🤖 AI Summary
This work addresses the limited generalizability of existing handcrafted uncertainty quantification methods for large language models (LLMs), which often rely on domain-specific knowledge and heuristic rules. The paper introduces, for the first time, an LLM-driven evolutionary search framework that automatically discovers unsupervised uncertainty quantification procedures expressed as Python programs, specifically tailored for atomic fact-checking tasks. By integrating program synthesis with evolutionary optimization, the proposed approach achieves up to a 6.7% improvement in ROC-AUC over the best human-designed methods across nine benchmark datasets and demonstrates exceptional out-of-distribution generalization. Furthermore, the study uncovers fundamental differences among LLMs when employed within evolutionary strategies, establishing a novel paradigm for interpretable uncertainty quantification.
📝 Abstract
Uncertainty quantification (UQ) methods for large language models are predominantly designed by hand based on domain knowledge and heuristics, limiting their scalability and generality.

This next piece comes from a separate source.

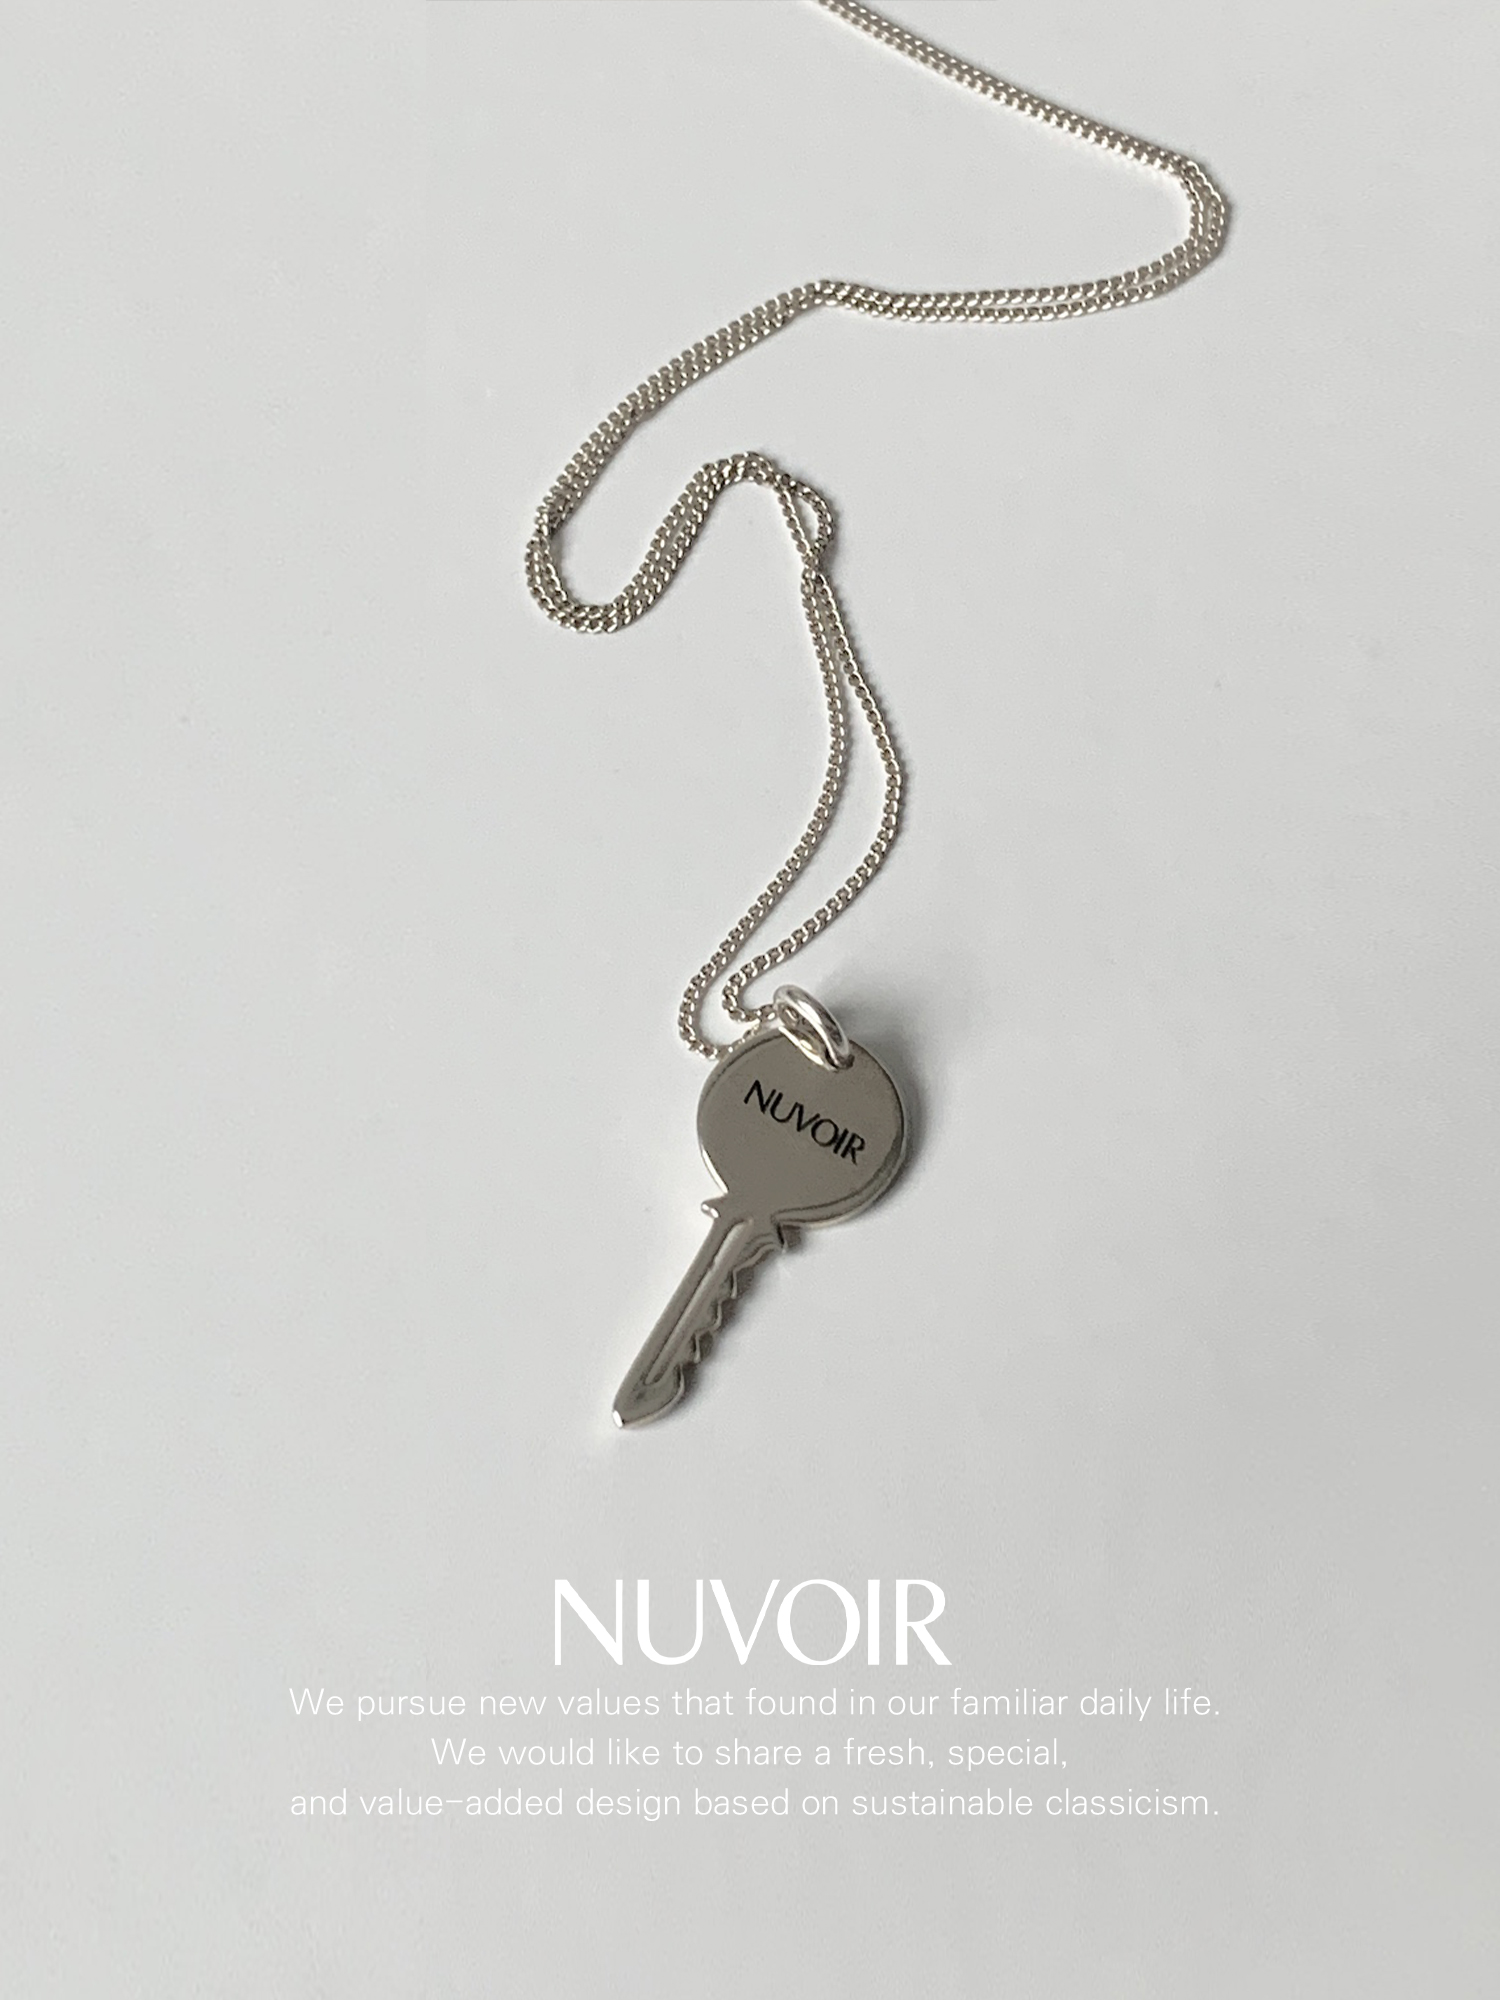 [Made] NUVOIR key necklace
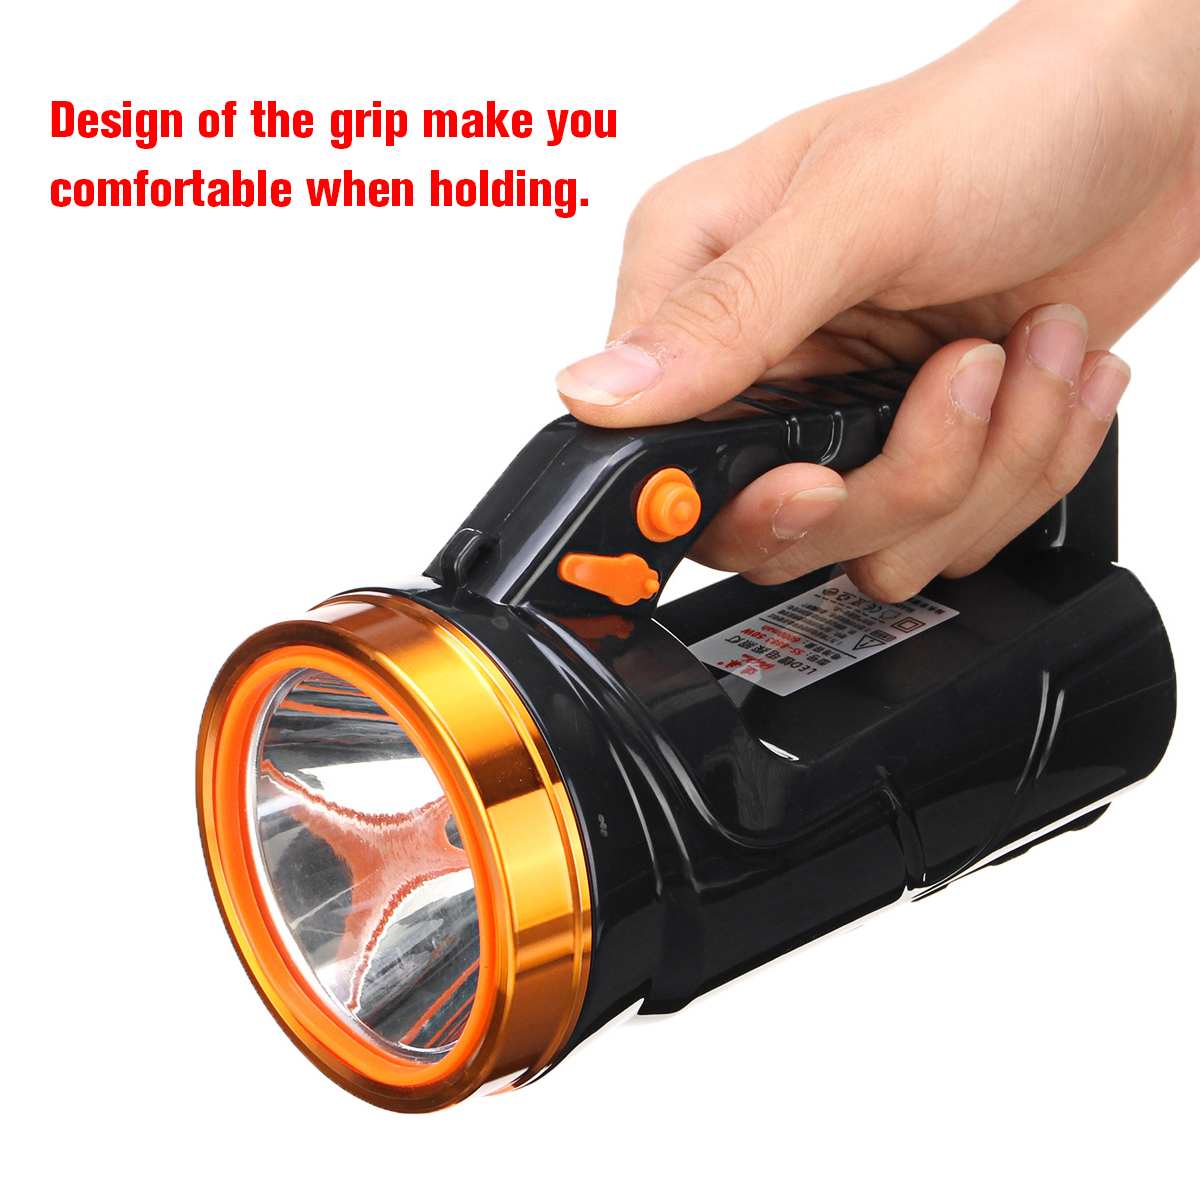 50W Handheld Super Bright LED Spotlight Portable Spotlights Flashlight Lithum Battery Strong Light Searchlight for Expeditions

We apply LLM-powered evolutionary search to automatically discover unsupervised UQ methods represented as Python programs. On the task of atomic claim verification, our evolved methods outperform strong manually-designed baselines, achieving up to 6.7% relative ROC-AUC improvement across 9 datasets while generalizing robustly out-of-distribution. Qualitative analysis reveals that different LLMs employ qualitatively distinct evolutionary strategies: Claude models consistently design high-feature-count linear estimators, while Gpt-oss-120B gravitates toward simpler and more interpretable positional weighting schemes. Surprisingly, only Sonnet 4.5 and Opus 4.5 reliably leverage increased method complexity to improve performance -- Opus 4.6 shows an unexpected regression relative to its predecessor. Overall, our results indicate that LLM-powered evolutionary search is a promising paradigm for automated, interpretable hallucination detector design.